169bLB Gel Applied as Anal LubeWithout Applicator Provides Poor Rectal Mucosal HIV Coverage Eugenie Shieh 1 ; EthelWeld 1 ; Edward J. Fuchs 1 ; KarenW. Buckheit 2 ; RobertW. Buckheit Jr 2 ; Jennifer Breakey 1 ; Craig Hendrix 1 1 Johns Hopkins Univ, Baltimore, MD, USA; 2 ImQuest Biosciences, Frederick, MD, USA

Oral Abstracts

Background: With the rising incidence of HIV in men who have sex with men (MSM) and the proven efficacy of oral HIV pre-exposure prophylaxis, more behaviorally-congruent periodic dosing strategies, such as rectal HIV microbicides, are in demand. Rectal gel microbicide studies have utilized vaginal applicators to administer the gels, but these applicators have not been well received.

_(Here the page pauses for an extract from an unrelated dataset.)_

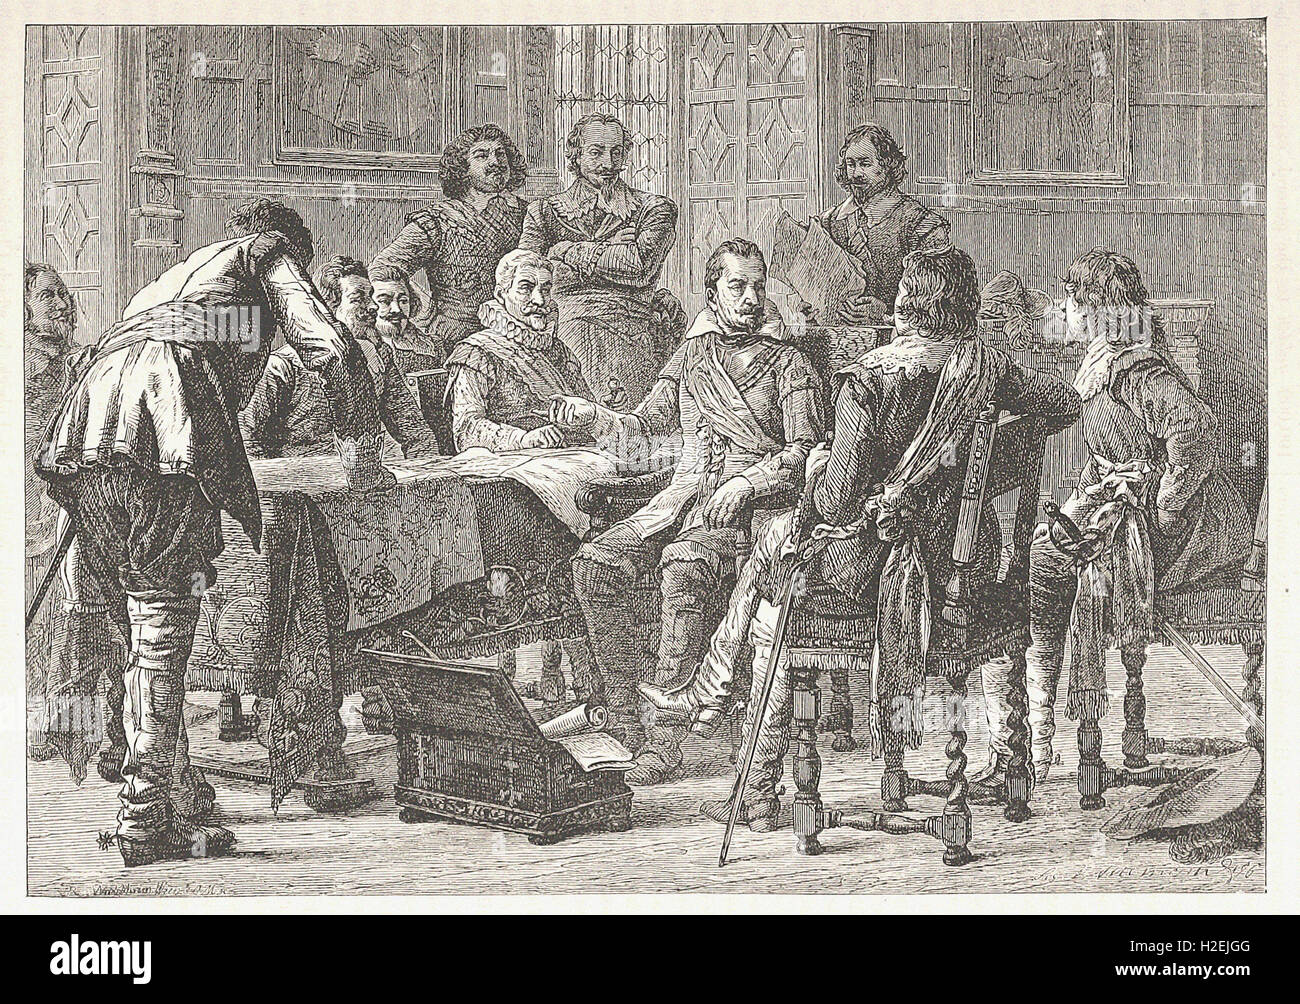 TILLY ET WALLENSTEIN TENANT UN CONSEIL DE GUERRE - de 'Cassell's Illustrated Histoire universelle" - 1882 Banque D'Images

Further, this doesn’t mimic the real-world use of sexual lubricants, which usually involves application inside or on the anus and on the partner’s penis. We examined the rectal distribution of gels when dosed as sexual lubricants compared to dosing with an applicator. Methods: Five healthy, HIV-negative MSM were enrolled. 10 mL of 99mTc-DTPA-radiolabelled hydroxyethyl cellulose (HEC) gel universal placebo was administered intra- rectally with a 4 cm applicator attached to a syringe. After washout, the same participants were given 10 mL of 99mTc-DTPA-radiolabelled Wet® Original gel lubricant for self- administration to the anus with use of fingers and a phallic device as if applying a sexual lubricant in their usual manner with a sexual partner (manual dosing). Manual dosing was then followed by 5 minutes of simulated receptive anal intercourse with a phallic device. SPECT/CT was performed 4 hours after each gel administration. Results: Gel administered by both methods was centered in the rectosigmoid, median 7.7 cm (interquartile range 5.2-13.4) from the anorectal junction. However, the manual dosing method was associated with more variable distribution, 12.5 cm (7.3-37.0), compared to a more uniform 18.1 cm (17.35-18.5) distribution after applicator dosing. When applying the gel manually as a sexual lubricant, participants utilized 2.7 mL (1.8, 6.6) of the 10 mL lubricant dose unit. Of the initial 10 mL dose intended for manual application, only 4% (1%, 27%) was retained within the colon after simulated sex. By contrast, 92% (91%, 93%) of the applicator dose was retained (paired t-test, p=0.01). Conclusions: Manual application of a sexual lubricant gel delivers a small, variable fraction of the gel dose in a variable rectosigmoid distribution compared to the same volume dosed intra-rectally. These preliminary results raise concern that manually dosing a rectal microbicide gel as a sexual lubricant may not provide adequate, predictable mucosal coverage for HIV protection. Assessment of antiretroviral rectal microbicide products is needed to confirm these preliminary results.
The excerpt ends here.